Lo que más da felicidad, porque le da sentido al ser humano, es el amor. El amor o el afecto es, pues, una de las respuestas a la pregunta por el sentido de la vida. Pero es necesario matizar, hay diferentes tipos de amor. Aristóteles y los medievales distinguían entre el amor de concupiscencia y el amor de benevolencia. El primero es bueno, pero corre el peligro de la posesividad, como ocurre con el sexismo. El segundo es amplio, abarcador, universal y gratuito. Es lo que se ha denominado amistad. Epicuro hizo de ésta el valor mayor y el mayor placer, porque corona los bienes alcanzables en esta vida, es un valor espiritual y puede ser hacia quien sea. Una vida con amor (de benevolencia) es la mejor. El amor es y da sentido a la vida. Como enseñó Brentano, la intencionalidad, mientras proyecte hacia fuera de nosotros, es más perfectiva y realizadora del ser humano. Lo contrario nos encierra en el narcisismo, la mayor de las enfermedades psi-

cológicas. En el amor “se cifra el sentido, de manera bastante y suficiente, pues es lo que nos deja más satisfechos y llenos, sin ese vacío que los otros valores, como el placer, el dinero, el poder y el prestigio, nos dejan” (Beuchot, 2011b, p. 12). No llenan el vacío, porque nos hacen buscarlos en mayor cantidad, en cambio el que tiene amor, da más amor. Tampoco basta el trabajo como sentido del hombre, los trabajadores que se exceden en él no son felices, tapan su angustia nada más. El psicoanálisis ha enseñado lo difícil que es disfrutar, por eso no es tan difícil aceptar que el amor llena la vida, la nuestra, y le da sentido (Beuchot, 2011b). Pero, para remontar el vacío existencial o la falta de sentido, se requiere que la educación sea también formación de éste mismo.

La educación como formación en el sentido

Como hemos visto en los capítulos precedentes, en la línea de la propuesta de Beuchot, la HA, la educación sería un texto. Como modelo, sistema, proyecto, escuela o clase, el texto que es la educación puede interpretarse de manera unívoca, equívoca o analógica; prescriptiva, permisiva o icónica, respectivamente. Así, a la propuesta desprendida de la HA puede denominársele educación o formación analógica y “se desdobla en una educación de los sentimientos, una educación en virtudes, una educación multicultural e intercultural y una educación en el sentido” (Granados, 2017, p. 10). Todas ellas redundan en una formación del juicio y conectan, finalmente, con el tema del sentido.
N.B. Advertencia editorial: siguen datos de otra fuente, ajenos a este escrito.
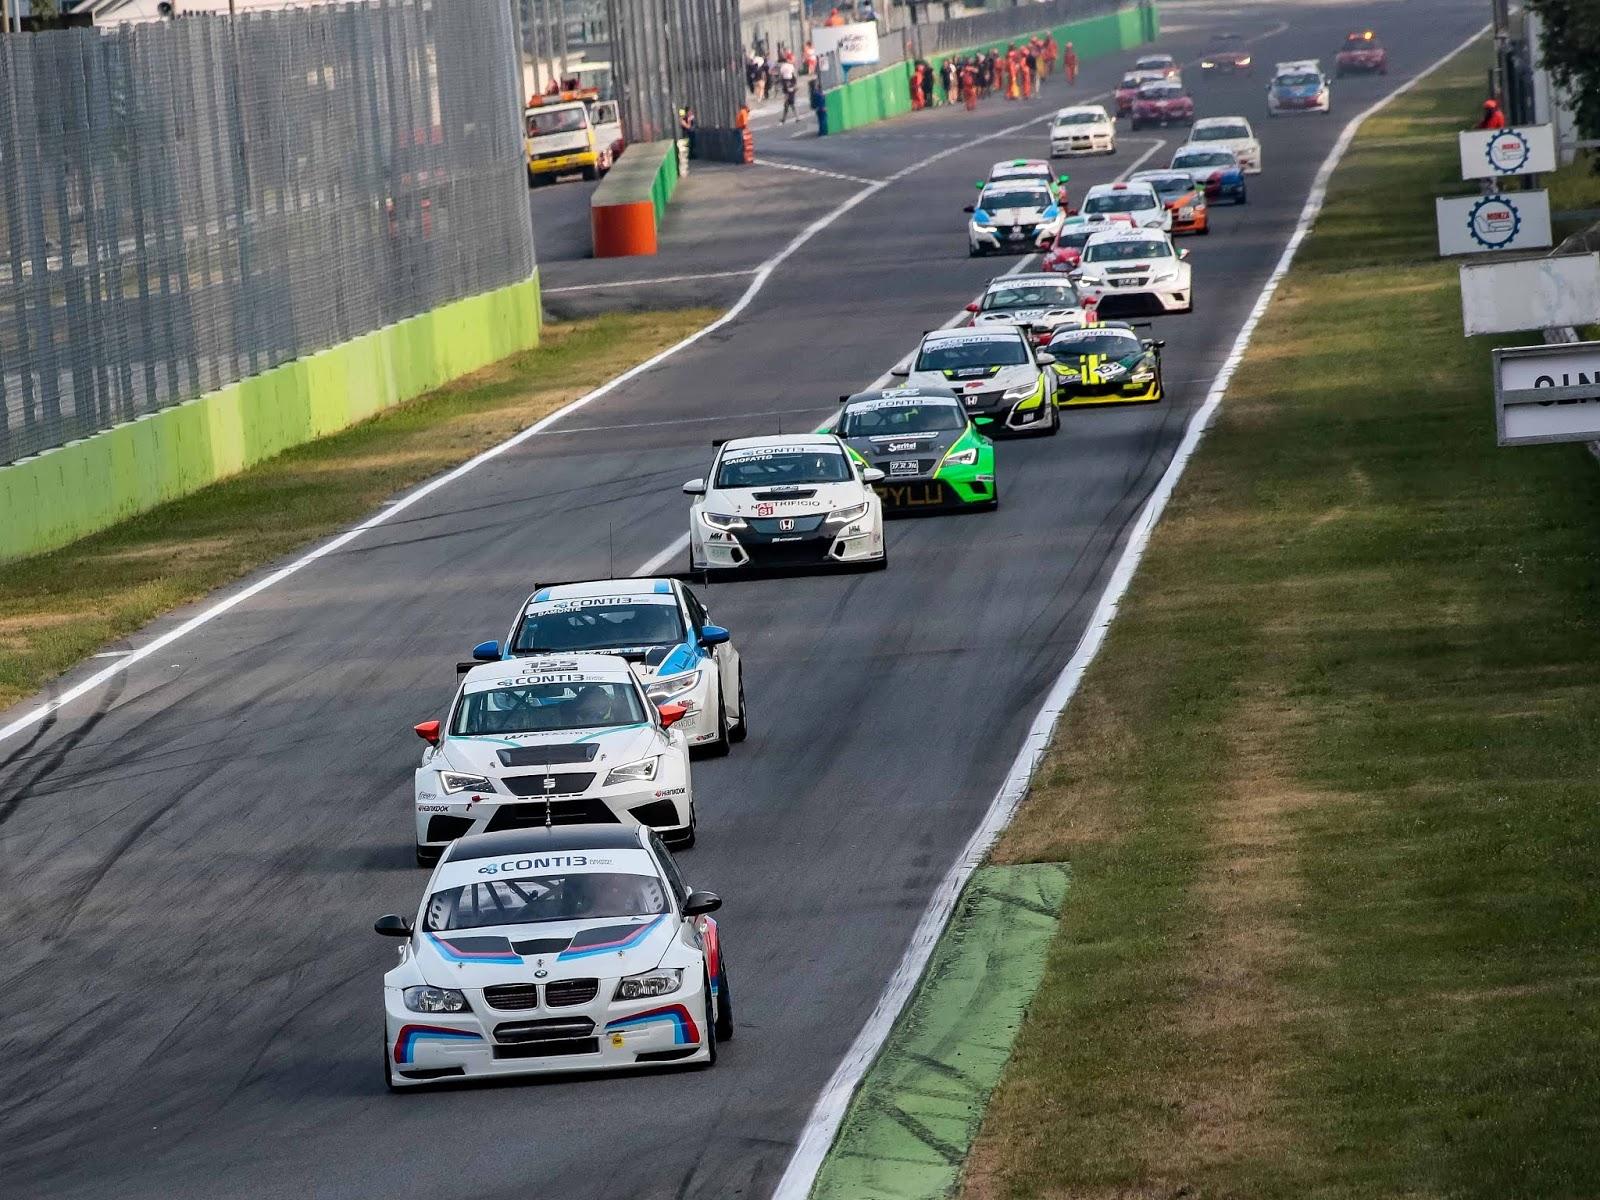 Circuito Monza : Polistil pista elettrica monza amazon giochi e giocattoli

La educación de los sentimientos es cauce y formación del carácter y de las intencionalidades (Beuchot & Primero, 2003). La educación en virtudes sería formación de éstas, entendidas como hábitos buenos, y repercutiría, por medio de la interacción dialógica, en que al educando se lo tomara como un interlocutor (Beuchot, 1999). La educación intercultural buscaría una formación en una de tradición flexible, que permita la innovación, y en la manera equitativa de recoger las diferencias culturales dentro de un margen de semejanzas, pues la educación “consiste en la transmisión y la recepción de la cultura, a veces híbrida y compleja” (Beuchot, 2007, p. 16). La educación del sentido sería la formación para “la asimilación o la inserción (creativa) dentro de la cultura, y ya que la cultura es una constelación de significados o sentidos, la educación viene a ser una incorporación o integración de sentido” (Beuchot & Primero, 2003, p. 42). Entendido esto, han de verse algunas consecuencias.

Beuchot sugiere que la educación debe dar respuesta a la tan evidente falta de sentido. Contra esta época nihilista, Beuchot propone educar en el sentido, lo que requiere de ideas valiosas y no palabras huecas. Además de buscar el orden, hay que encontrarle sentido a ese orden.